A copy of the listing below is needed, exact in every line and without images.

> _Supplied material_:

* * * *

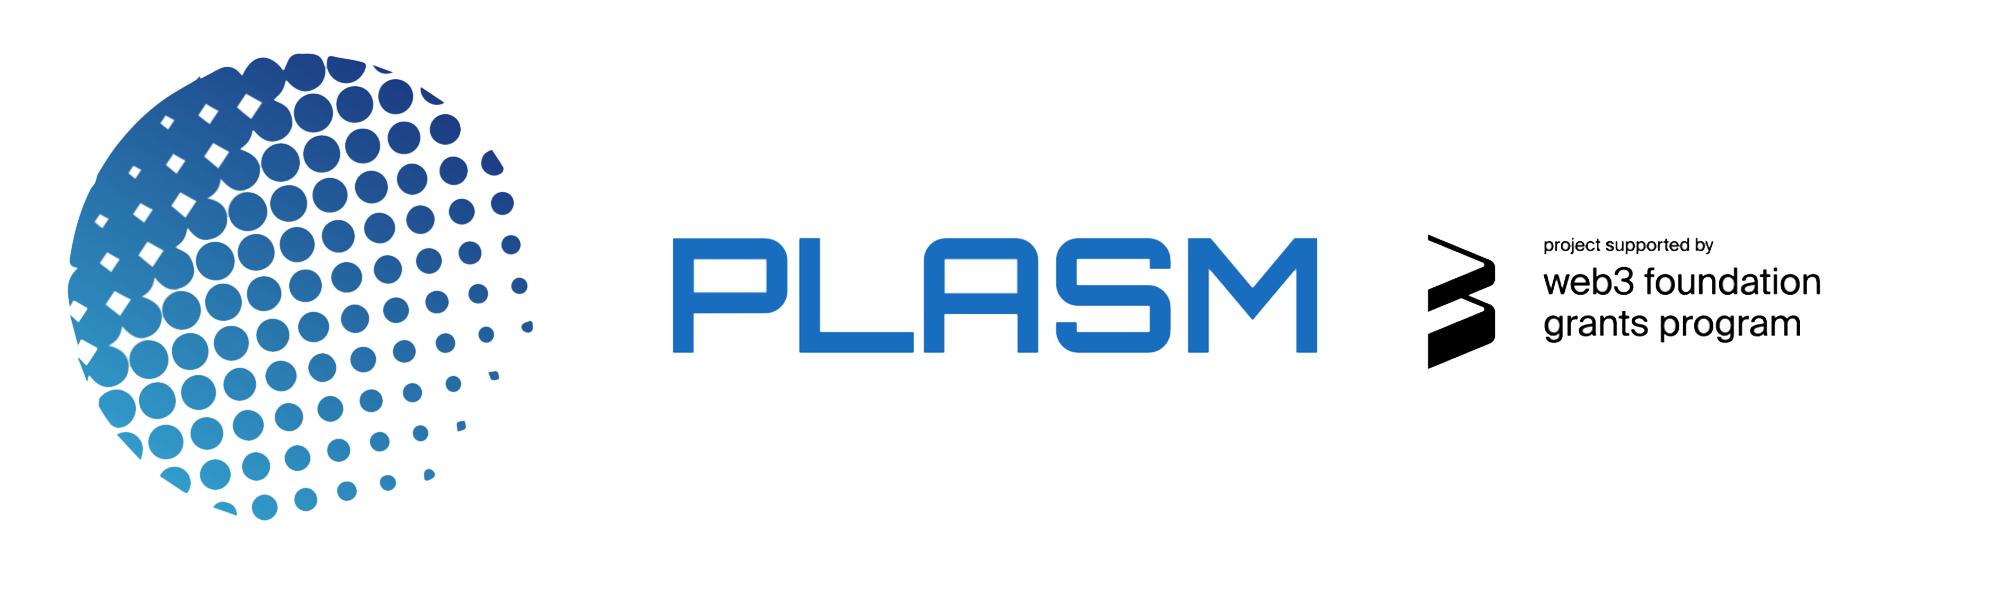 plasm_web3
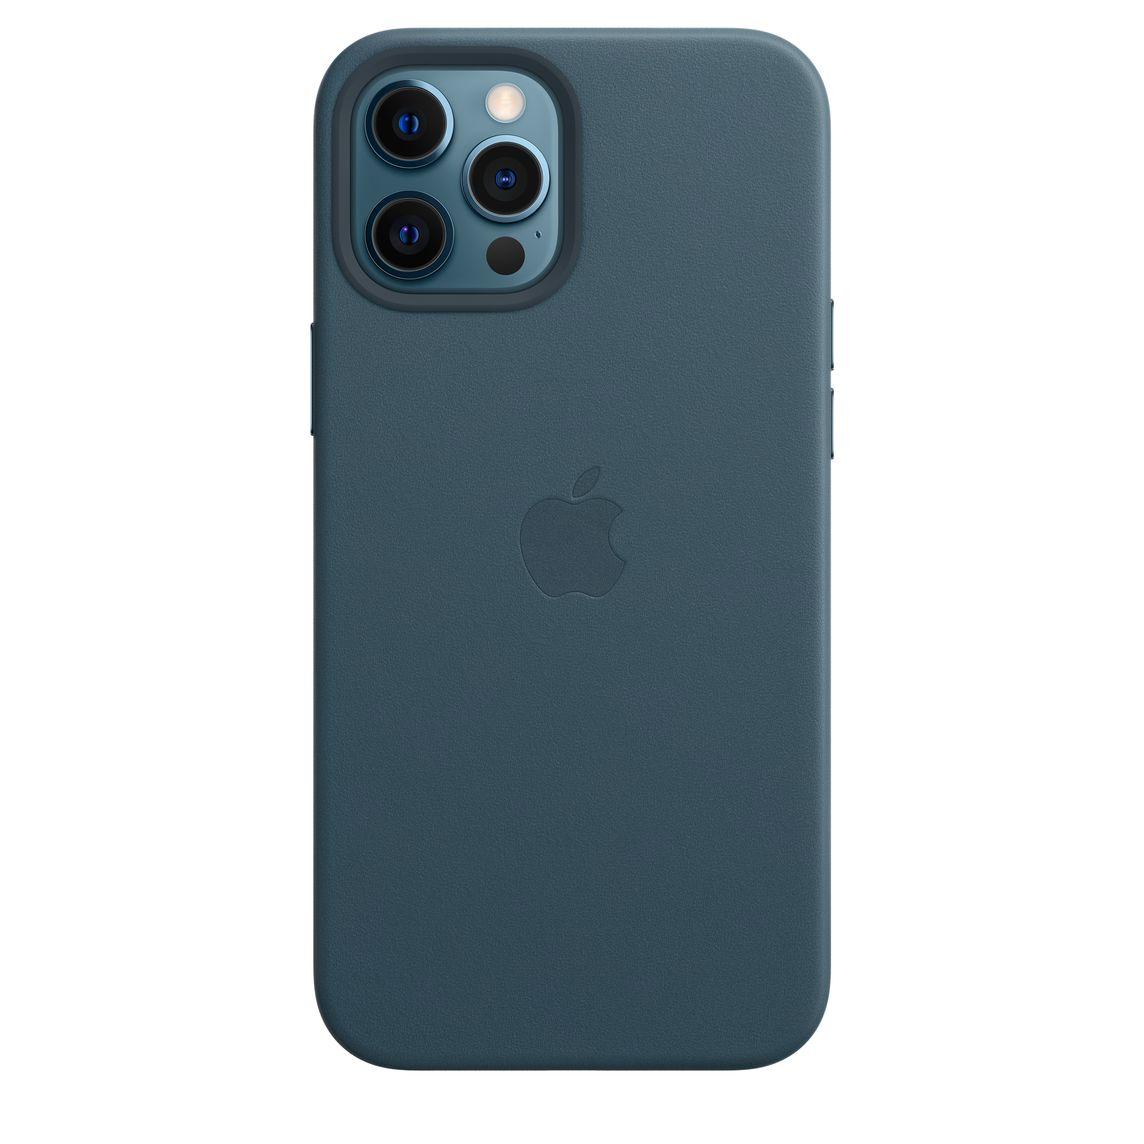 เคสหนังสำหรับ iPhone 12 Pro Max พร้อม MagSafe - สีบอลติกบลู - Apple (TH)
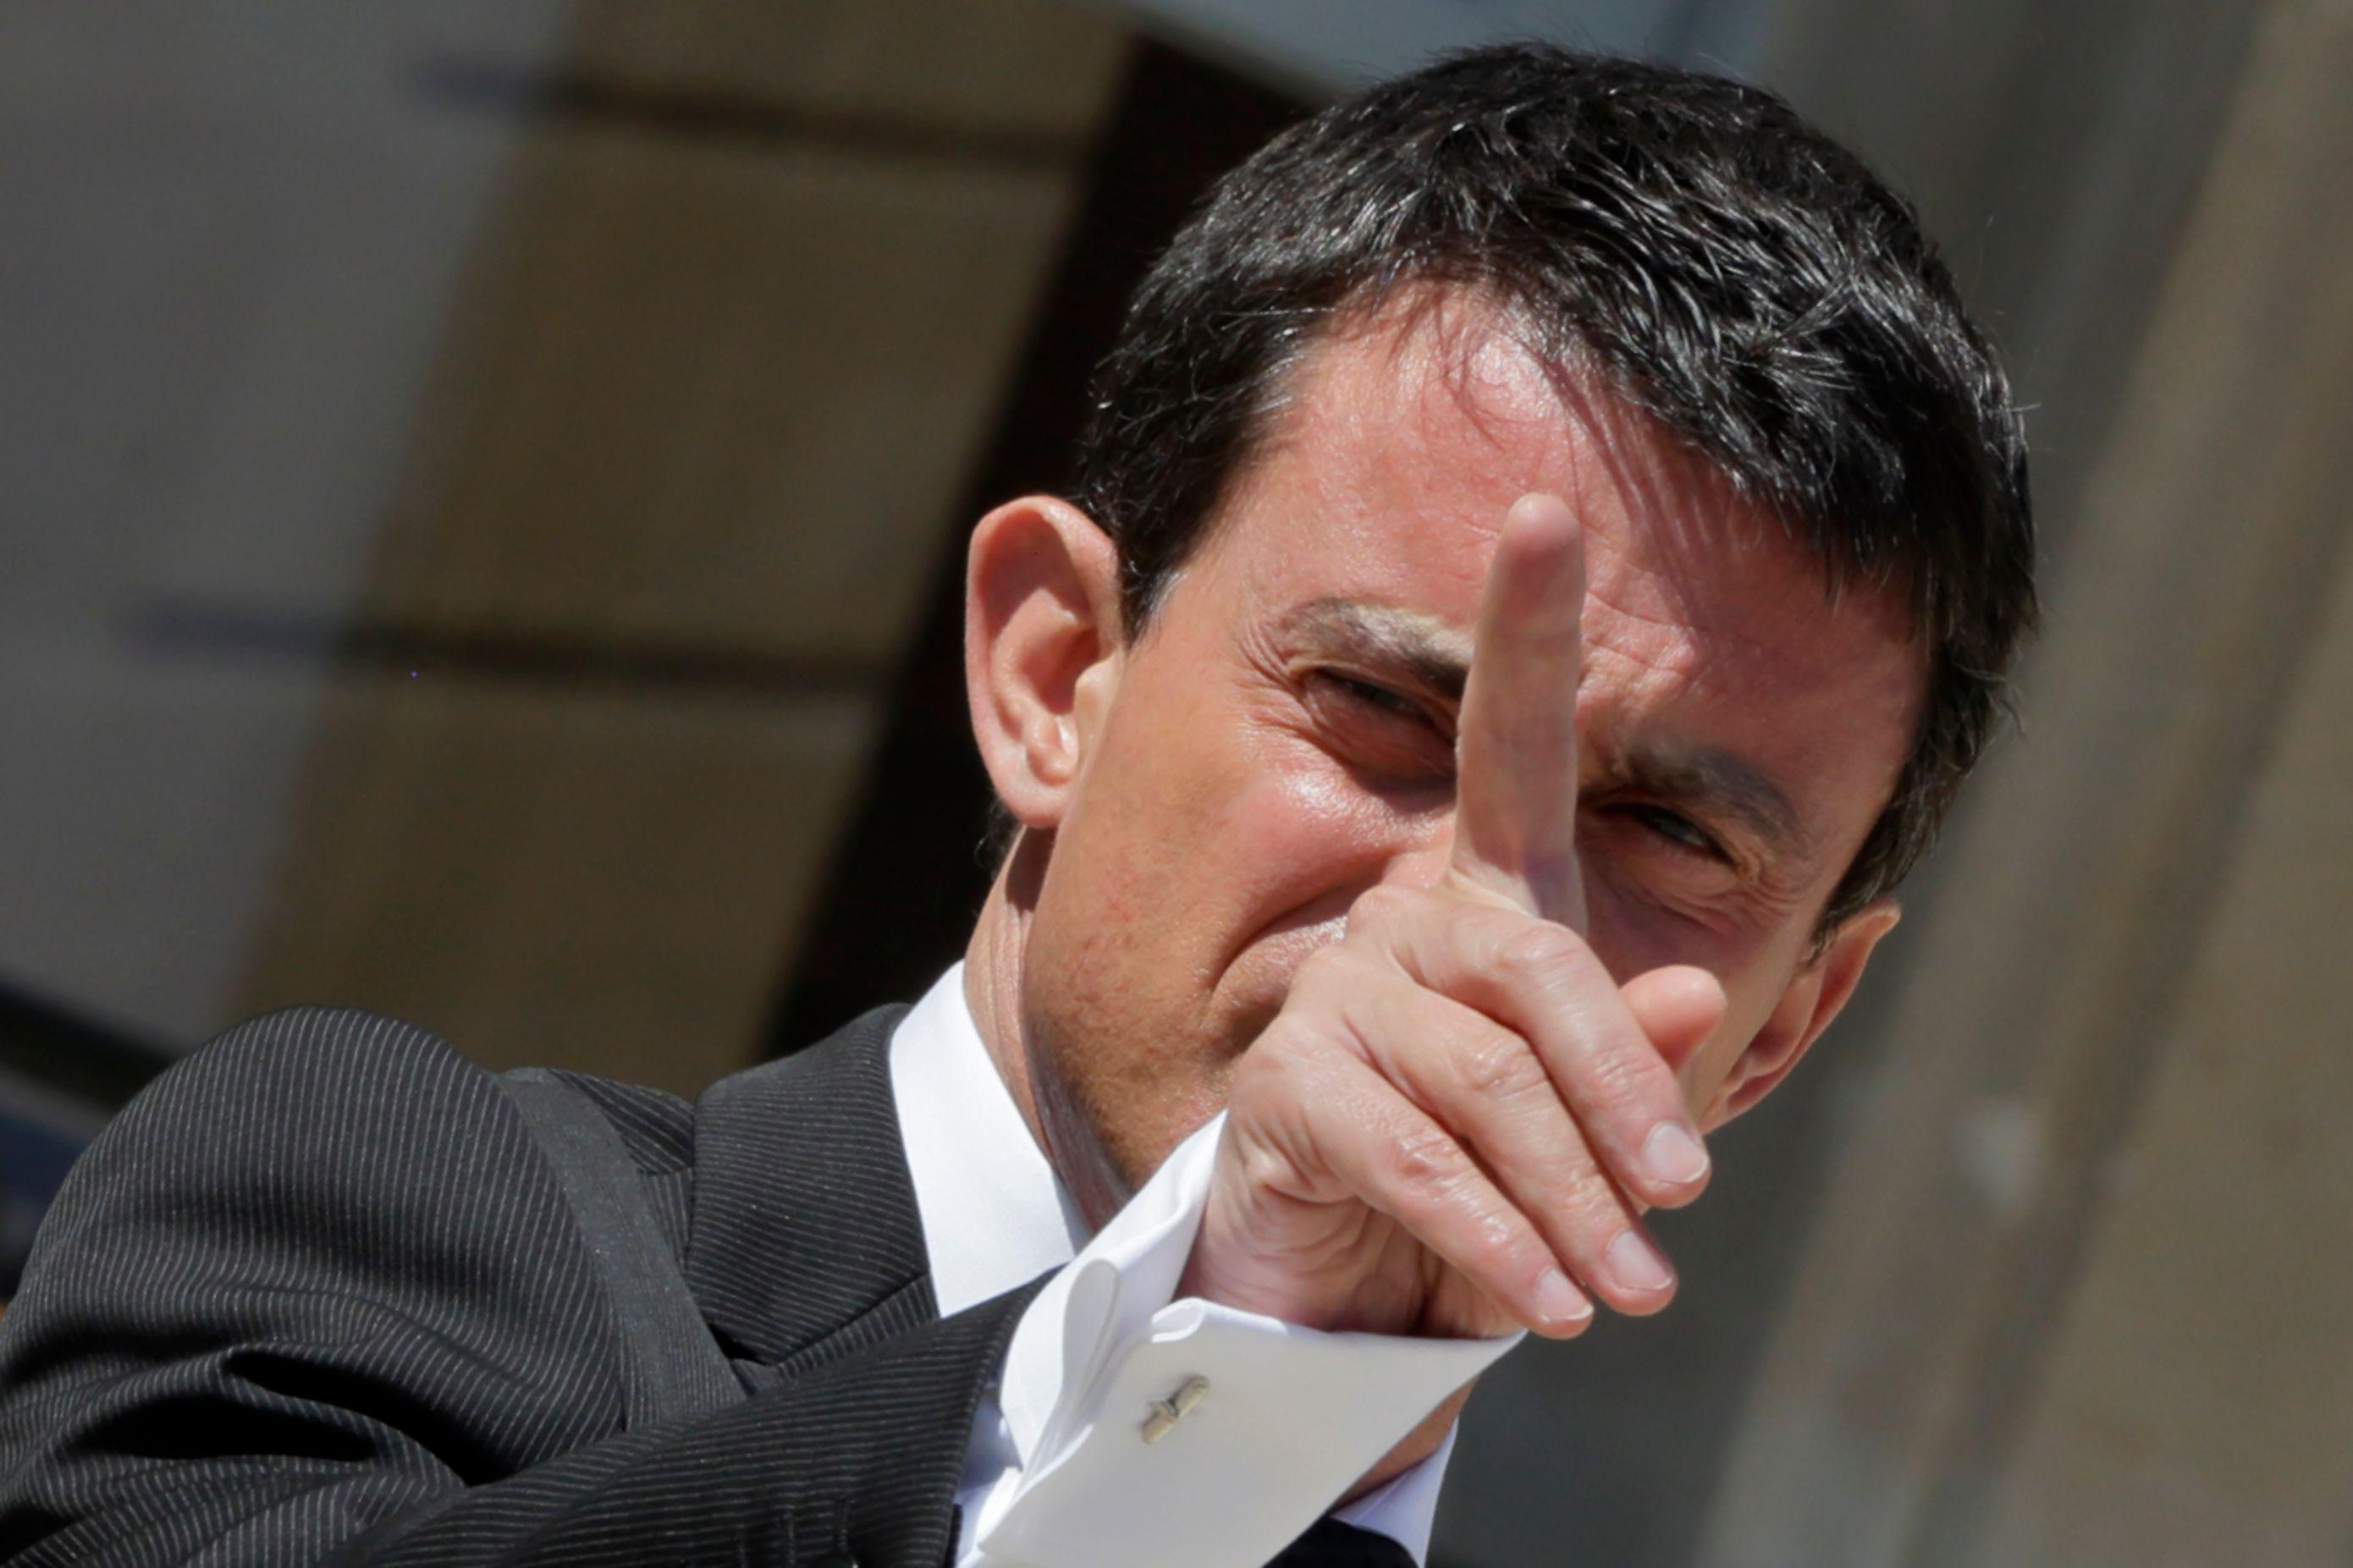 """15 interpellations trois mois après les émeutes de Moirans : preuve de la """"fermeté républicaine"""" vantée par Valls... ou de l'inverse ?"""

* * * *

> _Solution to this task_:
 plasm_web3
 เคสหนังสำหรับ iPhone 12 Pro Max พร้อม MagSafe - สีบอลติกบลู - Apple (TH)
 """15 interpellations trois mois après les émeutes de Moirans : preuve de la """"fermeté républicaine"""" vantée par Valls... ou de l'inverse ?"""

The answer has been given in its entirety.